Cursor AI identifies several improvements:

  • Move duplicate coupon validation into a shared service.
  • Add authorization to coupon management endpoints.
  • Include unit tests for expired coupons.
  • Improve API response consistency.
  • Update API documentation.
  • Rename unclear variable names.
  • Add database indexes for faster coupon lookups.

Cursor AI also generates a professional Pull Request description:

Summary

  • Added Restaurant Coupon Management module.
  • Implemented coupon validation and discount calculation.
  • Added API endpoints for coupon creation and redemption.
  • Created PHPUnit and Feature tests.
  • Updated API documentation.
  • Improved database performance with indexing.

After applying the suggested improvements, you submit the Pull Request.

Because most technical issues were resolved beforehand, the reviewers focus mainly on business logic and approve the PR much more quickly.

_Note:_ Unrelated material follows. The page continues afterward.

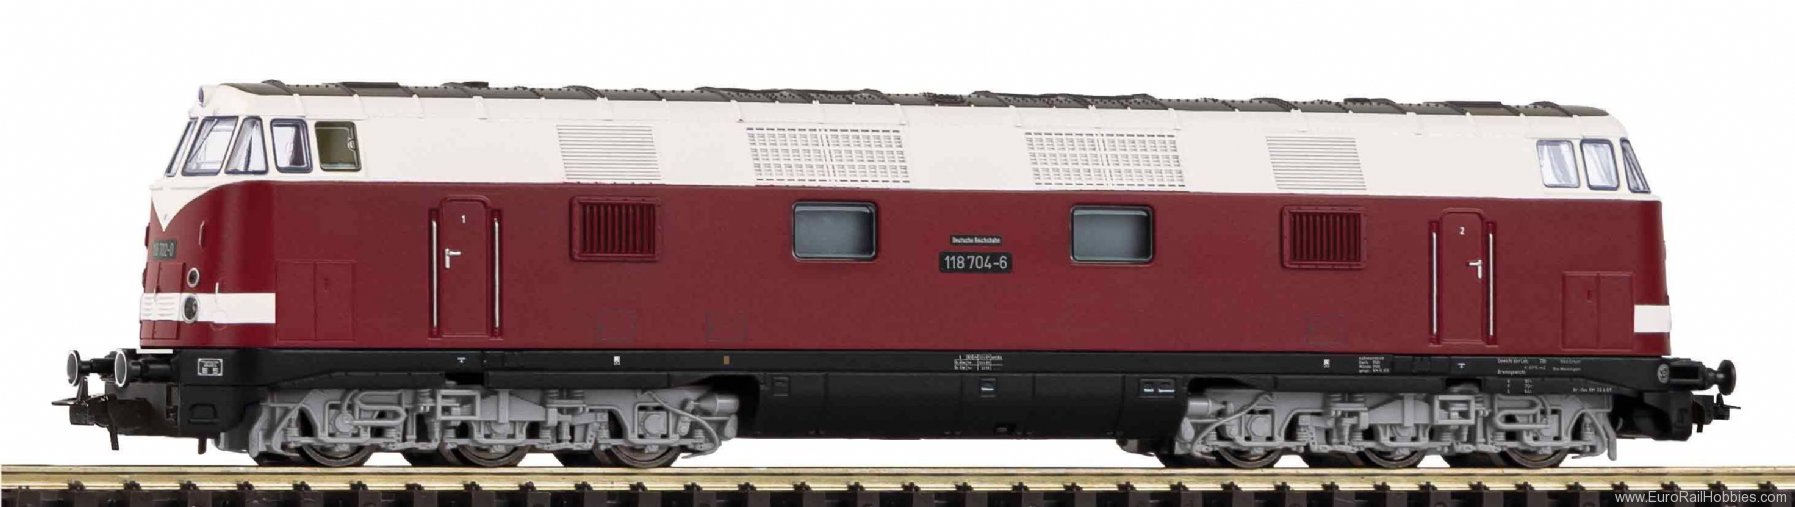 Piko 52950 Diesel locomotive BR 118 5-8 Sparlack DR IV (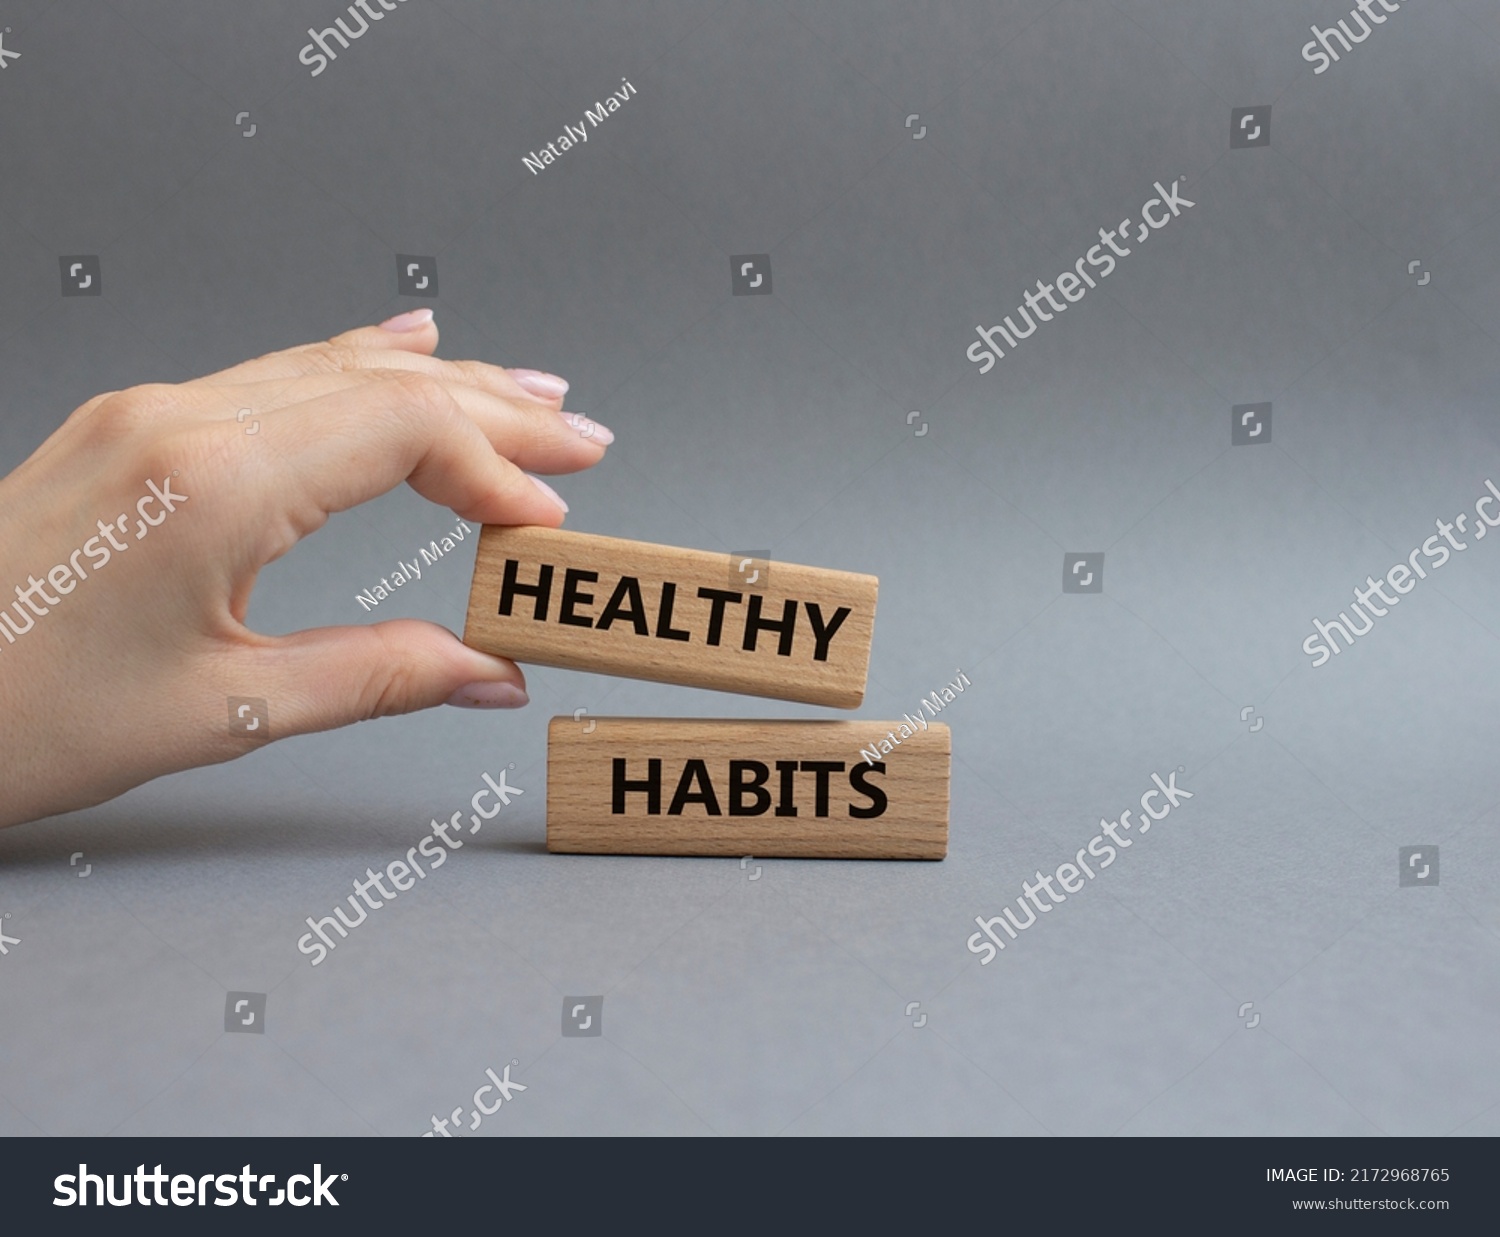 Healthy habits symbol. Concept word Healthy habits on wooden blocks. Beautiful grey background. Businessman hand. Business and Healthy habits concept. Copy space #2172968765

Benefits of AI-Assisted Pull Requests

Using Cursor AI during Pull Request preparation provides many advantages.

These include:

  • Cleaner Pull Requests.
  • Faster reviews.
  • Better documentation.
  • Improved code quality.
  • Stronger security.
  • Better testing.
  • Easier collaboration.
  • Reduced review cycles.

These improvements help teams deliver software more efficiently.

Best Practices

When preparing Pull Requests with Cursor AI:

  • Review code before submission.
  • Keep Pull Requests small.
  • Write meaningful PR descriptions.
  • Include automated tests.
  • Update documentation.
  • Follow project standards.
  • Address AI suggestions carefully.
  • Respond professionally to reviewer feedback.

These practices improve collaboration and code quality.

Common Mistakes

Developers should avoid:

  • Creating excessively large Pull Requests.
  • Skipping automated testing.
  • Ignoring documentation updates.
  • Writing unclear PR descriptions.
  • Submitting code without review.
  • Accepting AI suggestions without verification.

Avoiding these mistakes leads to faster approvals and more reliable software.